Page 1 of Coming Home

1

Scarlett

It is a long flight, and my body is weary. The flight from Australia to California is in excess of 13 hours, and today is such a bad day to fly. It has been 12 months since my life changed. It is amazing how you can be deliriously happy one day and completely broken the next. I didn't particularly want to fly today for the sole reason that I knew it would be challenging emotionally. All I really wanted to do was curl up in a ball and cry, but Uncle Ray insisted I take this particular flight, saying it would be the best option. I needed to get out of Australia. It was time to move on.

I look out the plane window, admiring the quiet view of the clouds below as my head rests against the wall, and I tuck the airline blanket around me. My legs are aching, matching the pain I have in my heart. The steady hum of the engines is the white noise I need to help me relax.

I stare off into the sky and think about happier times. When my family were all together. My dad was CEO of Clover Real Estate, Australia’s most successful property development company. Developing many of the well-known buildings throughout the country. My mom and my little brother Jimmy—who was only 17 years old and towered over me in height—completed our family unit. I blink back the tears that are welling in my eyes, looking upwards to stop gravity from pulling them down my cheeks.

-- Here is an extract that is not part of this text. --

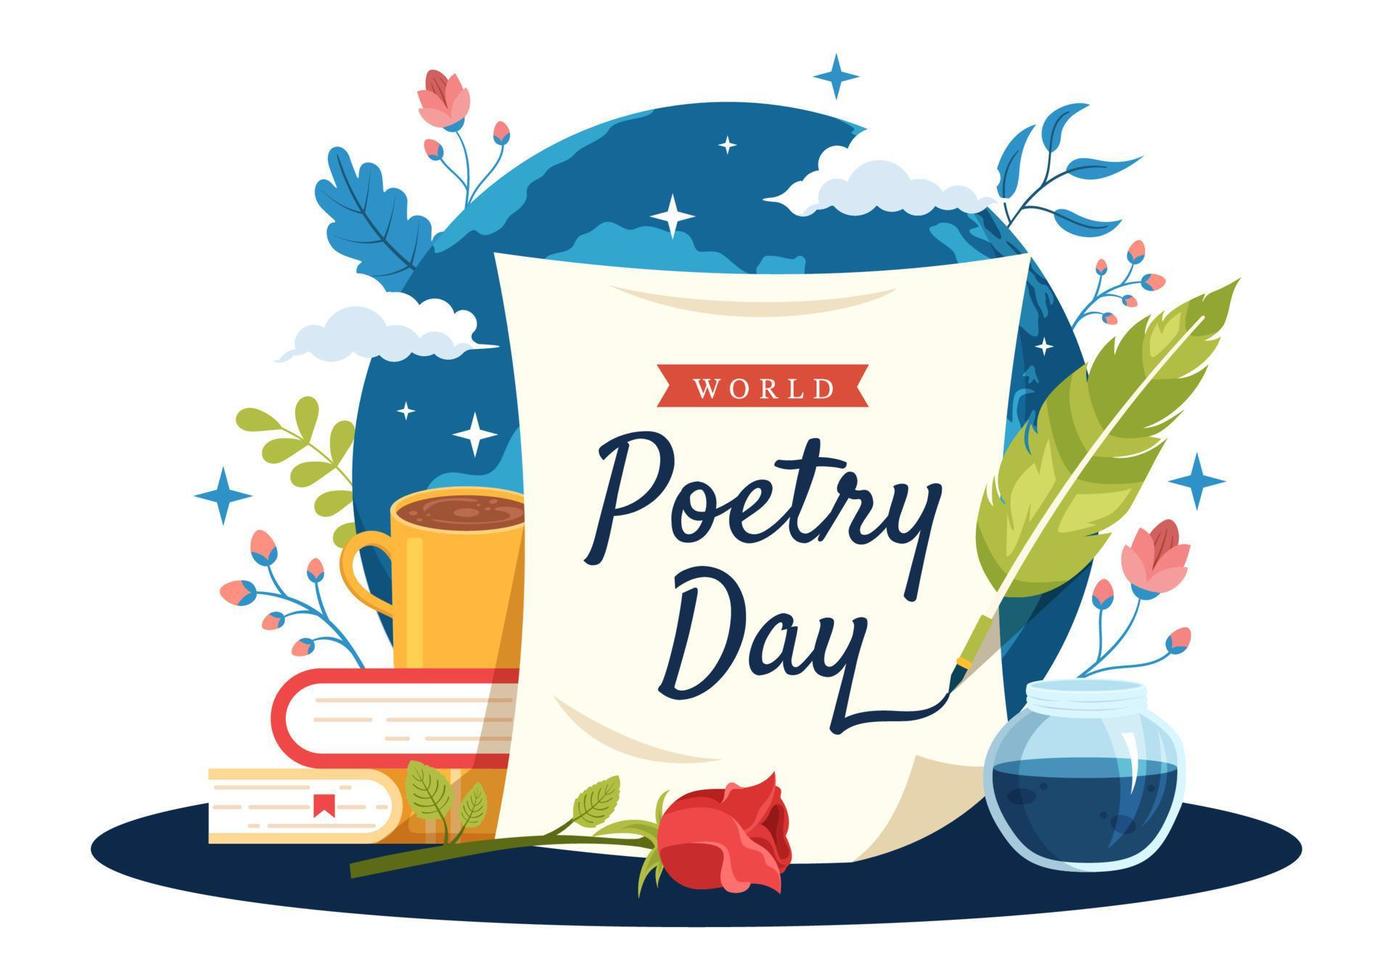 dia mundial da poesia em 21 de março ilustração com uma pena, papel ou máquina de escrever para banner da web ou página inicial em modelos desenhados à mão de desenhos animados planos vetor

My whole family was murdered 12 months ago, in what was one of the biggest, unsolved criminal acts ever to have occurred down under. A calculated and evil crime that changed my life forever. I still wake up from the cold sweats and nightmares that plague my brain all too often.

I still shiver at the thought. People say I’m lucky, but I don't think so. The pain of losing them is so strong that every day I wish I had been taken with them. The last 12 months haven’t been easy for me. On top of trying to navigate through my grief, I have also had to hide, change my name, and go into witness protection. Moving every few weeks, I was not able to settle anywhere and lived in fear that those responsible were coming after me, because they still haven’t been found. There are no leads; no one with any strong motive. They are ghosts.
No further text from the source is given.